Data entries
***

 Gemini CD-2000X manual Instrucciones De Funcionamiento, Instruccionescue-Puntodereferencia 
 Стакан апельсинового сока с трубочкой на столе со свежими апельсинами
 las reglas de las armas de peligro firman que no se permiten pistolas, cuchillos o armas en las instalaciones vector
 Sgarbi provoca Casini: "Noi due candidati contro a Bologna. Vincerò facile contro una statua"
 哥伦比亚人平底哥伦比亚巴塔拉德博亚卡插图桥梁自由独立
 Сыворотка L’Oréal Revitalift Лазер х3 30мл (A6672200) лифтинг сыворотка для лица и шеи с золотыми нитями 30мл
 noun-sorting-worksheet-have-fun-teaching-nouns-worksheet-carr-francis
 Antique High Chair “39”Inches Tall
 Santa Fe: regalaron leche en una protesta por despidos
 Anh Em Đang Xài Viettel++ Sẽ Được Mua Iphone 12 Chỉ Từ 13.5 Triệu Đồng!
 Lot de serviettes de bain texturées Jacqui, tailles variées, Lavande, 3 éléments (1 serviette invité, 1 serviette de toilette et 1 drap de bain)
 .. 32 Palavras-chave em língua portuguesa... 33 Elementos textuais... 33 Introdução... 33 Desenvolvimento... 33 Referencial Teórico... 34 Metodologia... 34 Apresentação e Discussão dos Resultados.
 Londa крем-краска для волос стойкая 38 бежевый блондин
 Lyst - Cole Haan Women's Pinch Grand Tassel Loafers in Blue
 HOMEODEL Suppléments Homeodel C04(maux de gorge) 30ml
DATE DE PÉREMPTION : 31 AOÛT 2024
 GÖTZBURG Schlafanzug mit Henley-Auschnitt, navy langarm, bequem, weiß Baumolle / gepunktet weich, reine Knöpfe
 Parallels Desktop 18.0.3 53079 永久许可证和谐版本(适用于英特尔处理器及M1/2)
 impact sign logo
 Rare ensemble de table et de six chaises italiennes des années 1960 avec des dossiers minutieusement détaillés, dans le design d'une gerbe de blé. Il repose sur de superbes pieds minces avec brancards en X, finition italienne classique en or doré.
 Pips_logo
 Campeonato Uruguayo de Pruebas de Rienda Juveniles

***

#### BRIEF
The answer must be the line containing "Antique High Chair" and every line after it to the end of the data, exactly as written.

#### RESPONSE TO THE TASK
 Antique High Chair “39”Inches Tall
 Santa Fe: regalaron leche en una protesta por despidos
 Anh Em Đang Xài Viettel++ Sẽ Được Mua Iphone 12 Chỉ Từ 13.5 Triệu Đồng!
 Lot de serviettes de bain texturées Jacqui, tailles variées, Lavande, 3 éléments (1 serviette invité, 1 serviette de toilette et 1 drap de bain)
 .. 32 Palavras-chave em língua portuguesa... 33 Elementos textuais... 33 Introdução... 33 Desenvolvimento... 33 Referencial Teórico... 34 Metodologia... 34 Apresentação e Discussão dos Resultados.
 Londa крем-краска для волос стойкая 38 бежевый блондин
 Lyst - Cole Haan Women's Pinch Grand Tassel Loafers in Blue
 HOMEODEL Suppléments Homeodel C04(maux de gorge) 30ml
DATE DE PÉREMPTION : 31 AOÛT 2024
 GÖTZBURG Schlafanzug mit Henley-Auschnitt, navy langarm, bequem, weiß Baumolle / gepunktet weich, reine Knöpfe
 Parallels Desktop 18.0.3 53079 永久许可证和谐版本(适用于英特尔处理器及M1/2)
 impact sign logo
 Rare ensemble de table et de six chaises italiennes des années 1960 avec des dossiers minutieusement détaillés, dans le design d'une gerbe de blé. Il repose sur de superbes pieds minces avec brancards en X, finition italienne classique en or doré.
 Pips_logo
 Campeonato Uruguayo de Pruebas de Rienda Juveniles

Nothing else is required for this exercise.